Zoë Hyde, David Berger and Andrew Miller
Med J Aust
Published online: 21 April 2021

This is a preprint only. The final version of this article is available at:


Severe acute respiratory syndrome coronavirus 2 (SARS-CoV-2), the cause of the coronavirus disease 2019 (COVID-19) pandemic, is believed by many to be transmitted via respiratory droplets and fomites, with occasional airborne transmission observed in the setting of aerosol generating procedures. However, research shows viable SARS-CoV-2 can be detected in the air in the absence of such procedures, at distances greater than those specified in physical distancing guidelines. Additionally, numerous outbreaks have occurred which can only be explained by airborne transmission. There is an urgent need to update Australia’s infection prevention and control guidelines to reflect the airborne transmission route.

“Those who cannot remember the past are condemned to repeat it”

George Santayana

In late 2002 in southern China, a previously unknown coronavirus crossed the species barrier to humans, igniting the severe acute respiratory syndrome (SARS) pandemic that would claim over 900 lives before it was finally contained. When SARS reached Canada, healthcare workers were among its most frequent victims. In the epidemic’s aftermath, an independent inquiry highlighted failures in infection control, particularly with regard to the risk of airborne transmission, and recommended the precautionary principle underpin the development of future policies and practices.1

Today, the world is faced with a second, unprecedented pandemic. Coronavirus disease 2019 (COVID-19), caused by severe acute respiratory syndrome coronavirus 2 (SARS-CoV-2) has overwhelmed nations across the world, resulting in an inability to deliver normal standards of healthcare. Elective surgeries have been cancelled, field hospitals established, and more grimly, care has sometimes been rationed to those most likely to survive. Additionally, nosocomial infection has been frequent in some regions, for both healthcare workers and patients.

Since the earliest days of the pandemic, respiratory droplets and fomites were assumed to be the major transmission routes, with airborne transmission only accepted within the limited confines of certain “aerosol-generating procedures”.2 In fact, this is a misnomer, because volitional coughing produces more aerosols than both invasive and non-invasive respiratory therapies.3,4 The experience of SARS and Middle East respiratory syndrome (MERS) should also have alerted us to the likelihood that SARS-CoV-2 could also be transmitted via the airborne route. It did alert some. China, South Korea, and Vietnam adopted airborne precautions in early 2020.

SARS-CoV-2 is more readily aerosolised than SARS and MERS, and can retain infectivity for at least 16 hours in the air under laboratory conditions.5 Speech is sufficient to produce aerosols which can remain suspended for tens of minutes.6 Importantly, SARS-CoV-2 RNA is readily detected in breath samples,7 and the virus has been cultured from air samples collected at a distance of up to 4.8 metres from COVID-19 patients, in the absence of “aerosol-generating procedures”.8 SARS-CoV-2 RNA has been detected at even greater distances in ventilation systems.9 This evidence, which is more comprehensive than that available for other accepted airborne pathogens, clearly demonstrates the potential for airborne transmission. This is borne out by numerous documented examples.

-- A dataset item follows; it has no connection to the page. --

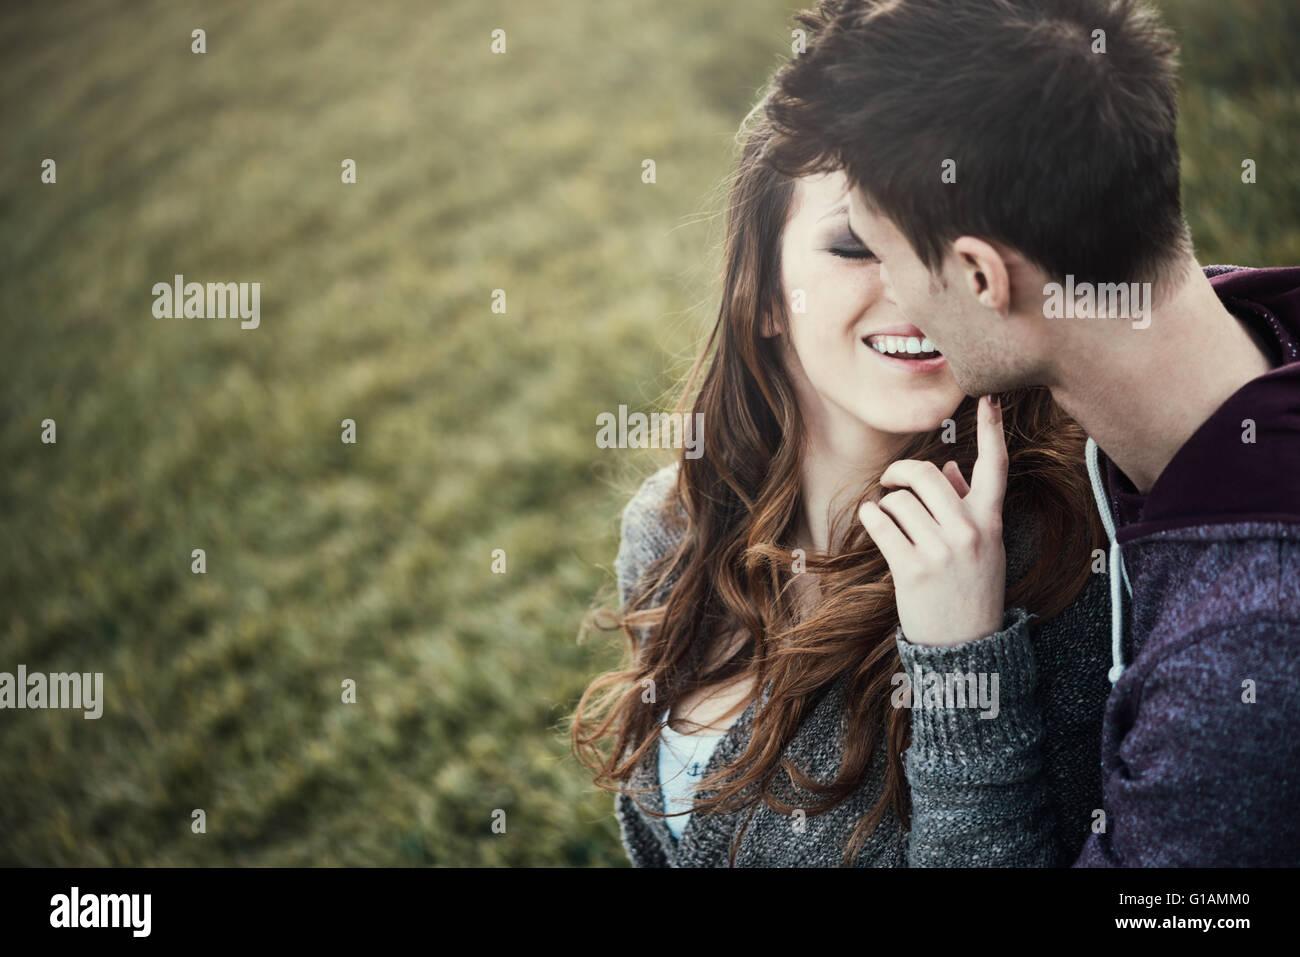 Jovem casal sentado sobre a relva amoroso, ela é flertar com ele, amor e relacionamentos de conceito Imagens de Stock

One of the most compelling was an outbreak in apartment complex in South Korea, in which only residents living in apartments connected by a common ventilation shaft were infected. All 7 affected apartments (out of a total of 200) were located along the vertical line of the shaft, suggesting a stack effect carried virus-laden aerosols into residents’ bathrooms.10 A similar outbreak occurred in an apartment building in China, in which the virus appeared to spread from persons on the 15th floor to persons in vertically-aligned flats on the 25th and 27th floors, by means of dried-out floor or bath drains.11 An environmental sample in an unoccupied flat on the 16th floor was also positive. Faecal aerosols produced by toilet flushing were thought to be responsible,11 reminiscent of the Amoy Gardens SARS outbreak in Hong Kong in 2003. There have also been several documented outbreaks in healthcare settings which were not only highly suggestive of airborne transmission, but also demonstrated that physical distancing and the use of surgical masks is not always sufficient to prevent infection.12-15 In contrast, a study of healthcare workers from Finland found that none using FFP2/3 respirators became infected.15

Similar outbreaks, some of which may have been aided by the dehumidifying effect of air conditioning (which might desiccate respiratory droplets), have been reported globally, with indoor transmission being the common factor. Indoor transmission appears many times more likely than outdoor transmission,16 and outbreak settings have included restaurants,17 public transport,18 abattoirs,19 cruise ships,20 aeroplanes,21 nursing homes,22 places of worship,23 and choir groups.24 Notably, in one bus cluster, one of the secondary cases boarded the bus 30 minutes after the index case had left.18 Such super-spreading events will continue to fuel the pandemic if measures to prevent airborne transmission are not implemented.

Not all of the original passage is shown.